As I was muttering darkly about thousand-piece Lego sets that spill underfoot, and Furbies that provoke parental migraines, I had to stop and have a sob, remembering this was the room in which my wonderful mother so proudly sat and held her first grandchild. She died a year later, and I could never again be so physically close to that memory, and the sadness of it overwhelmed me.
Conscious uncoupling, of the sort Gwyneth and her soon-to-be-ex husband Chris Martin enter into, is an even more profound experience, apparently, and one that isn't arrived at accidentally (like mine), but carried through with intent.
It is the process where, some cynics say, psychobabble is used as a substitute for "getting a divorce".
The Daily Mail, as always, helpfully clarified the issue.
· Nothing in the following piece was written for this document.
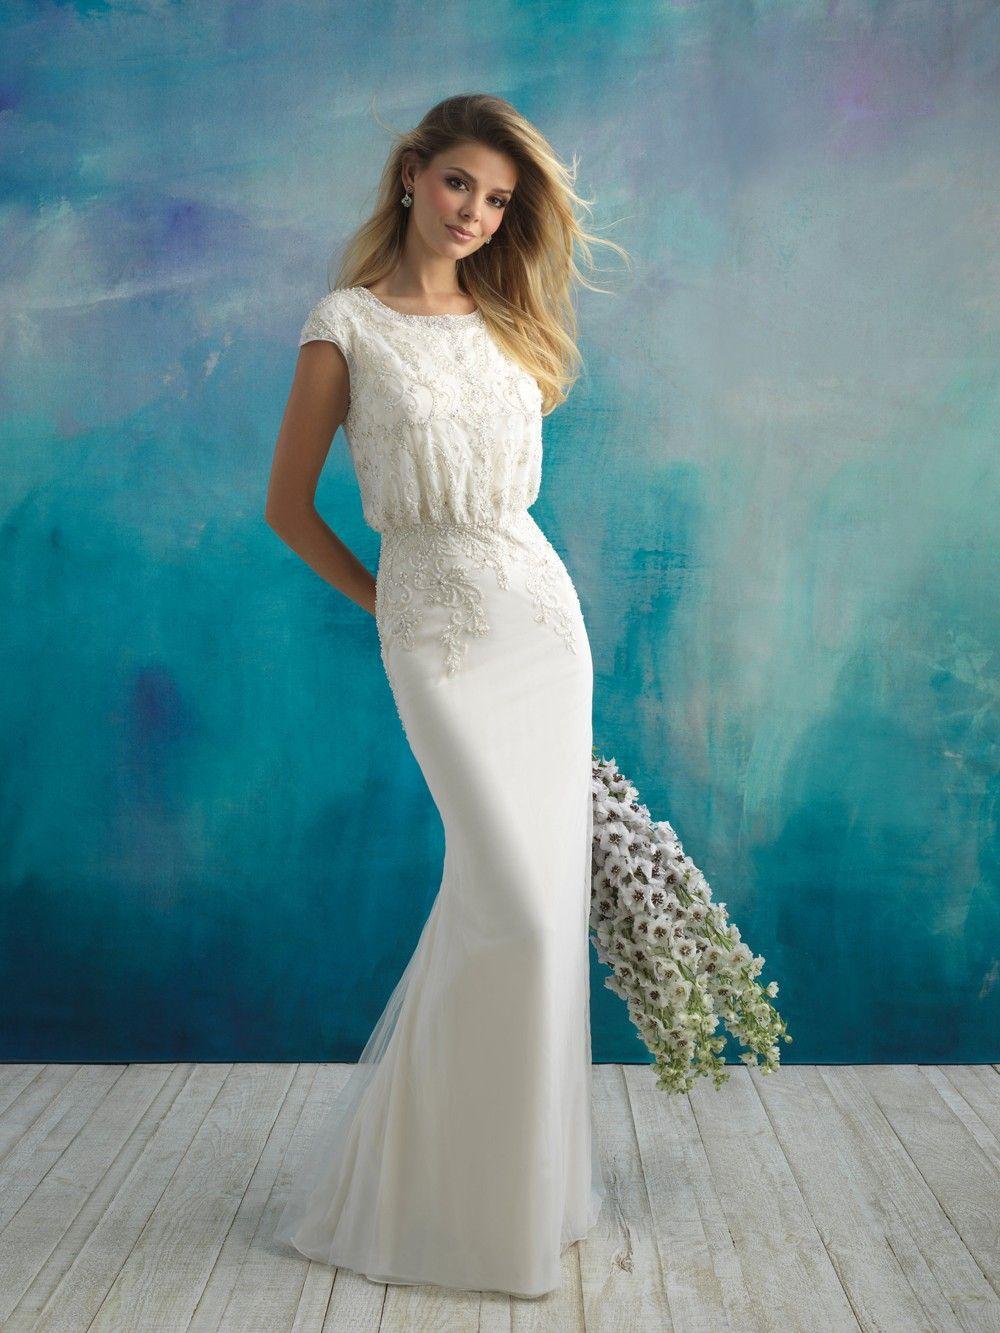 Pin by Lauren Whitmore on My Wedding | Pinterest | Allure bridal ...

It quotes Andrew Wallas — billed as "Britain's only practising Conscious Uncoupling guru" — as declaring that in the US, this breaking up business is based on the idea that marriage was only ever meant to last a few decades — about as long as humans lived in the past — and is now outdated.
In Britain, on the other hand, says Wallas, it is used primarily to save the marriage, and if not, to ensure the split is a positive, nay jubilant experience for the participants, by "increasing intimacy and honesty between [the] two people". Sounds a bargain, at a cost of 600 for the first 90-minute counselling session.
Yes, it does sounds awfully decadent, but I am perplexed that so many people would rubbish the idea, when we hear constantly about how damaging badly-handled divorce is for the children involved. If Chris and Gwyn can find it in their hearts to overlook the long line of extra-marital affairs they've both been having (if the gossip mags are to be believed), then it can only be good news for little Apple and Moses Martin, which will be good news for their children too, little Tartlette and Nebuchadnezzar, perhaps, when or if they come along.
Wallas contends that the main reason marriages fail is that they become a "power struggle" — a struggle that undoubtedly becomes amplified by disputes over children and material possessions during divorce. Why wouldn't you spend money to reduce the harm this causes if you could?
And when Wallas has finished helping couples split happily, maybe he could help ease the pain of uncoupling from my house.